Have two kinds of boxes. One on it's side with the flaps hanging down for a nice Box Fort. The other upright. Get her interest and toss a toy into the upright box for her to chase down, by jumping in the box. You can also toss (or roll) toys into the Paper Bag Fort.

Try various throw toys. Not just jingly balls and quiet balls (many cats prefer quiet ones, other cats prefer ones that make a noise). Try crumpled paper balls (small ones and large ones), juice bottle rings, plastic bottle caps, bouncy balls.....

Watch her very carefully during Game times. She will tell you how she wants to play things.

I have one cat who lived on her own outside for a very long time. She wasn't very motivated to play, it took me a very long time to finally understand what her favorite Game is. I finally figured it out. 

She likes to be patted with a fly swatter (gently of course) on my bed. After a fly swatter session she becomes very energized, racing around the house and joining in the other two cats' Games (usually by ambushing them, but at least she's joining in).

Rotate toys and Games. Once you find something she likes to do, play it often, but then stop and try some other Game for a few days before returning to her favorite.

Don't ever give up!


----------



## maggie23 (Mar 10, 2012)

i love getting the kitty to follow you around as well to get a pre-meal walk in. i do something like this, too, to get a little more exercise out of our angel. i do it a little backward, though. i actually follow HER around. well, okay, so i'm "chasing" her really. she doesn't like to be picked up, so i bend down a little and make like i'm gonna pick her up and she starts walking away and all i do is just keep following her around so she has to keep trotting to get away from me. it's not like i'm scaring her, though. it's more like she just keeps looking back at me saying "cut it out, will ya!" when she's had enough, she sits down on her blanket and just looks at me. she knows i won't bother her there. so if yours doesn't follow you around enough, you could always try it the other way around, too.

also, have you tried the red laser light thing? seems like all cats get excited by that one.


----------



## Straysmommy (Dec 23, 2010)

For Prince, who doesn't like any kind of play or toy, not even DaBird anymore, someone gave me a wonderful idea on another thread and it really works: I bring smallish cardboard boxes from the supermarket, preferably those that already have holes on the sides for vegetables to breathe, and I make furry toys or ribbons poke out of the holes.

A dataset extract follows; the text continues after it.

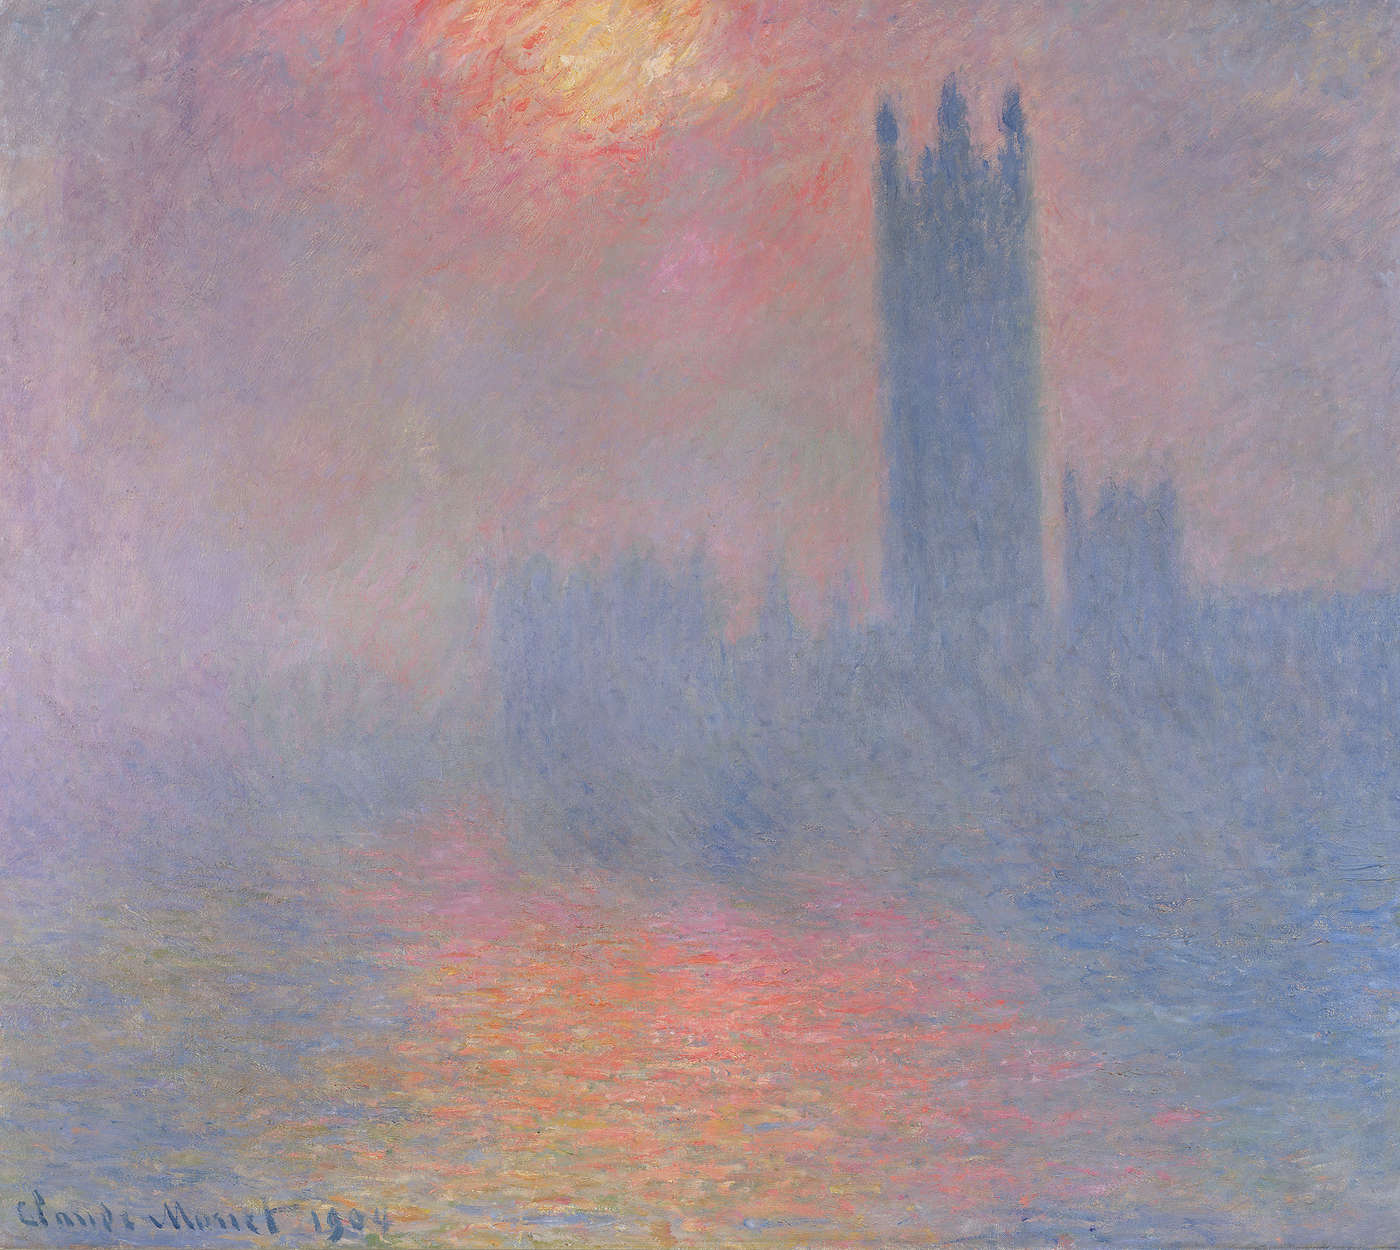             Fototapete "Das Parlament London mit der Sonne die durch den Nebel bricht" von Claude Monet

He loves that. Also: I keep changing the boxes so they're motivated to explore the new box by jumping in and out of it. Huge boxes, small boxes. Dragging toys under cover as explained above works for Prince too.


----------



## Ragdoll_Joy (Jul 13, 2012)

Yup, I second the box! Joy does the same thing... lay and stalk! Even with Da Bird! She will jump at it 3-4 times then just lay and watch it! She loves pouncing into any box she can get her paws on though!! It's great!!!


----------



## misaac (Aug 9, 2012)

There is another type of toy you could try that is similar to Da Bird. It involves a bungee-type string with a base that can be fastened to a fixed point and a ball or feather at the other end. You set it up with the end dangling above the ground and when the cat grabs or bats it, the elastic in the string causes it to bounce around unpredictably and keeps the cat's interest.

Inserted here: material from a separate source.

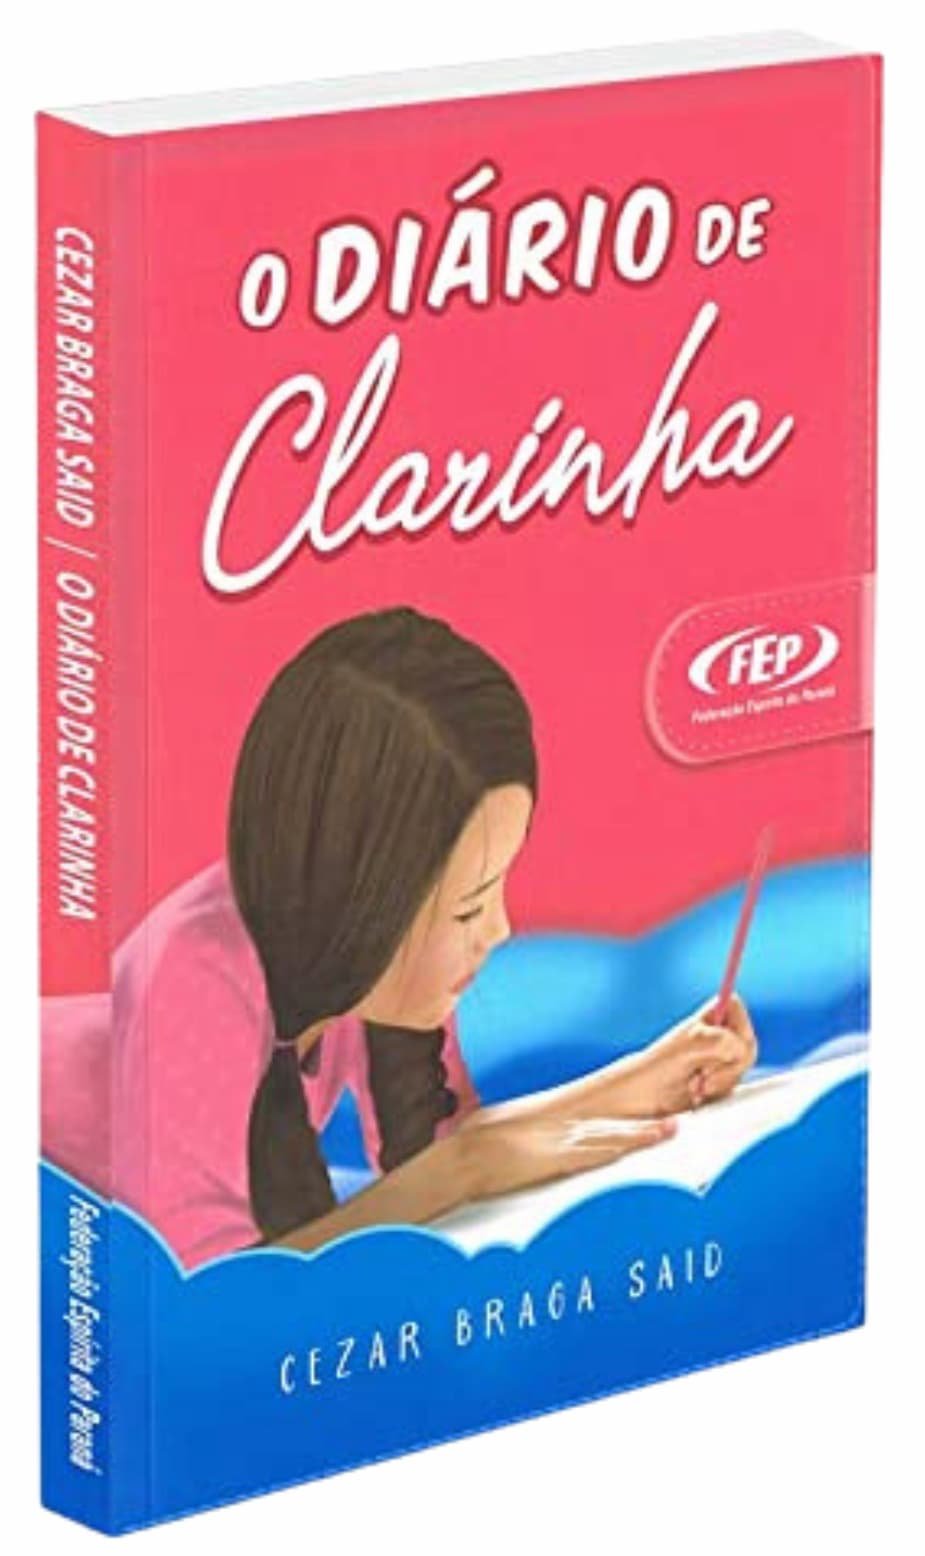 O Diario de Clarinha

Catnip on toys can excite a cat and make him/her feel more playful.


----------



## orrymain (Dec 9, 2011)

I also recommend Da Bird. Orry loves this toy and he leaps into the air pretty high trying to catch it. He can play for a long time if we continue but usually we get tired before he does and it mysteriously disappears and then he starts running around trying to find it.


----------



## Geek_Chick82 (Mar 21, 2009)

My lazy cat's favourite toy is a hanging mouse on an elastic that attached to the doorway. It has a bell attached and he goes crazy when I swing it back and forth. He won't play for long, but will play often. He rarely plays with it himself, he likes me swinging it and bouncing around for him 

Other toys he discovered were the miniature hard plastic bulbs on my Christmas tree. He likes them because of their odd shape- when they bounce, they bounce in all directions, rather than straight like a pink-pong ball. They're hard, plain plastic and they're too bit to swallow, so I let him bat them around. There are a half-dozen under the couch right now


----------



## lovetimesfour (Dec 1, 2010)

Just one caution. Any string toys, but *especially toys with elastic string *should never be left out for a cat to play with unattended. Always put them away unless you are right there either playing with the cat, or at least watching the cat play.

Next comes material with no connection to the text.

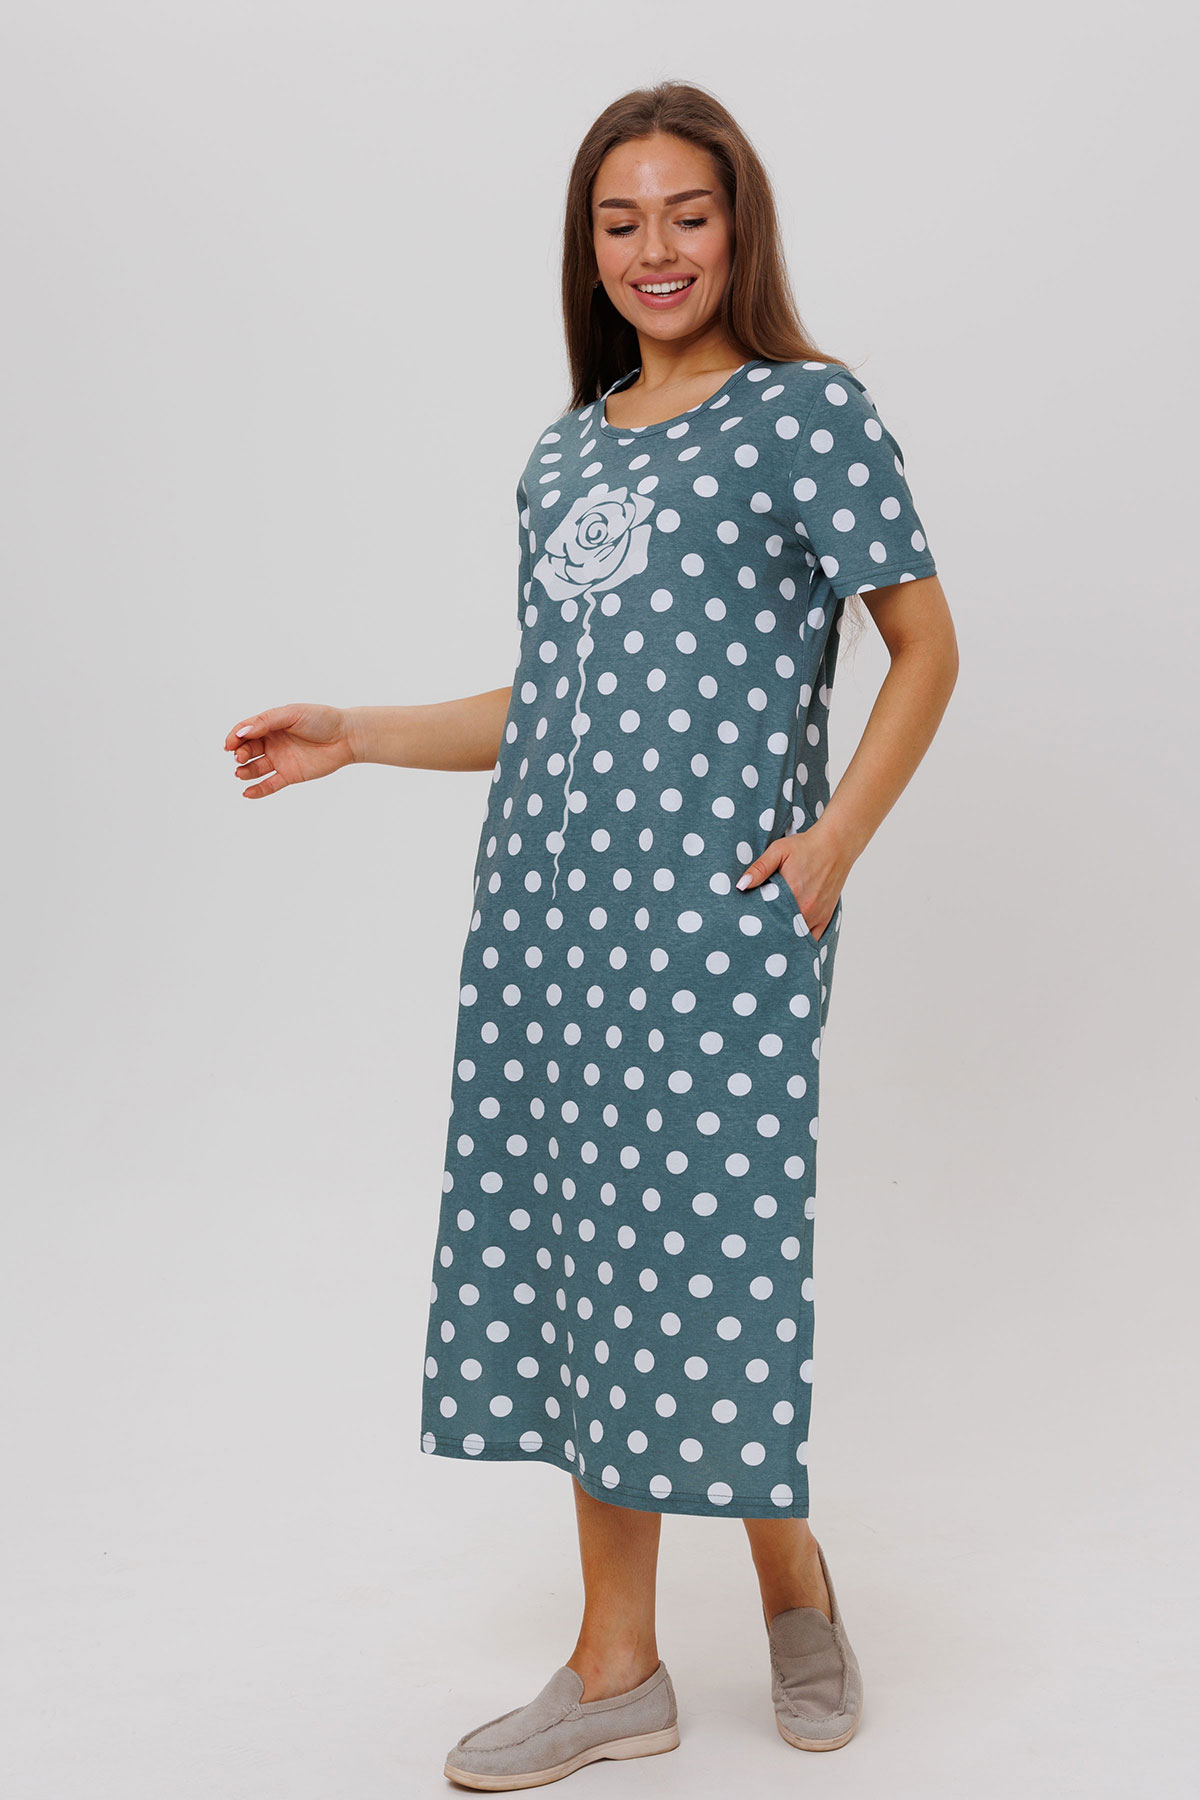 Жен. платье повседневное арт. 23-0545 Зеленый р. 54 Моделлини, размер 54 - фото 3

Elastic tightens and could cause serious harm, even death, to a cat very quickly.

Always put string toys away, including the kind designed to hang off a wall or doorway, when you are not there to keep watch.


----------



## spirite (Jul 31, 2012)

My lazy cat has never been interested in furry mice, balls, Da Bird, Cat Dancer, the laser pointer, the squeaky mouse suspended from the door, the peek-a-boo box, etc. But she does like toys that you bat across the floor, which no stores seem to carry anymore. I found 2 of her favorites, Kookie Kurlies and Crazy Spinners, here: Just Cat Toys |The Cat Connection 

Maybe yours would like them too?


----------



## mainecoonmama (May 24, 2012)

I just bought da bird on wednesday, mostly to tire out Kieran. Archie will play fetch nearly as long as youll throw the mousie. Kieran is a ball of kitten speed. Winston mostly bats toys to make them go away. Imagine my surprise when Winston made a bee line for da bird and then started doing somersaults trying to get it! Also, all of them love batting around those plastic easter eggs ( my mother is just as much a grandmother with them as she is with my nephew,I came home one day to find all three chasing eggs on the hard wood!) and clean empty pill bottles. I soak them in hot water and remove anything unsafe and then they become prime prey


----------



## spirite (Jul 31, 2012)

mainecoonmama said:


> winston mostly bats toys to make them go away.


lol!!!


----------



## dlowan (Jul 13, 2012)

Go Winston!


----------



## misaac (Aug 9, 2012)

mainecoonmama said:


> I came home one day to find all three chasing eggs on the hard wood!) and clean empty pill bottles. I soak them in hot water and remove anything unsafe and then they become prime prey


 
Hmm, pill bottles sound like an interesting idea - I'm always looking for new and safe toys for our kittens, and a pill bottle with a penny (or something else to make a rattling sound) in it could really grab their attention.


----------



## mainecoonmama (May 24, 2012)

misaac said:


> Hmm, pill bottles sound like an interesting idea - I'm always looking for new and safe toys for our kittens, and a pill bottle with a penny (or something else to make a rattling sound) in it could really grab their attention.


Be careful with what you put in it, these were rx bottles and they still managed to knock the tops off. Though an empty bottle seemed just as exciting 

And yes, Winston is my super enthused boy.....but only about lounging and a good can of chow <3


----------



## JRFuerst (Aug 15, 2012)

Catnip.

My 6-year old tabby male is HUGE and lazy as ****. When I give him catnip he zooms around like crazy, it is insane, and entertaining. 

Well, I also notice that his laziness subsides after he just pooped in the litter box. He gets a good burst of energy for 20-30 minutes including meowing at the wall and getting dilated pupils. I'm laughing just typing this. 

So my suggestions are catnip, and get him to poop more, that'll give him energy


----------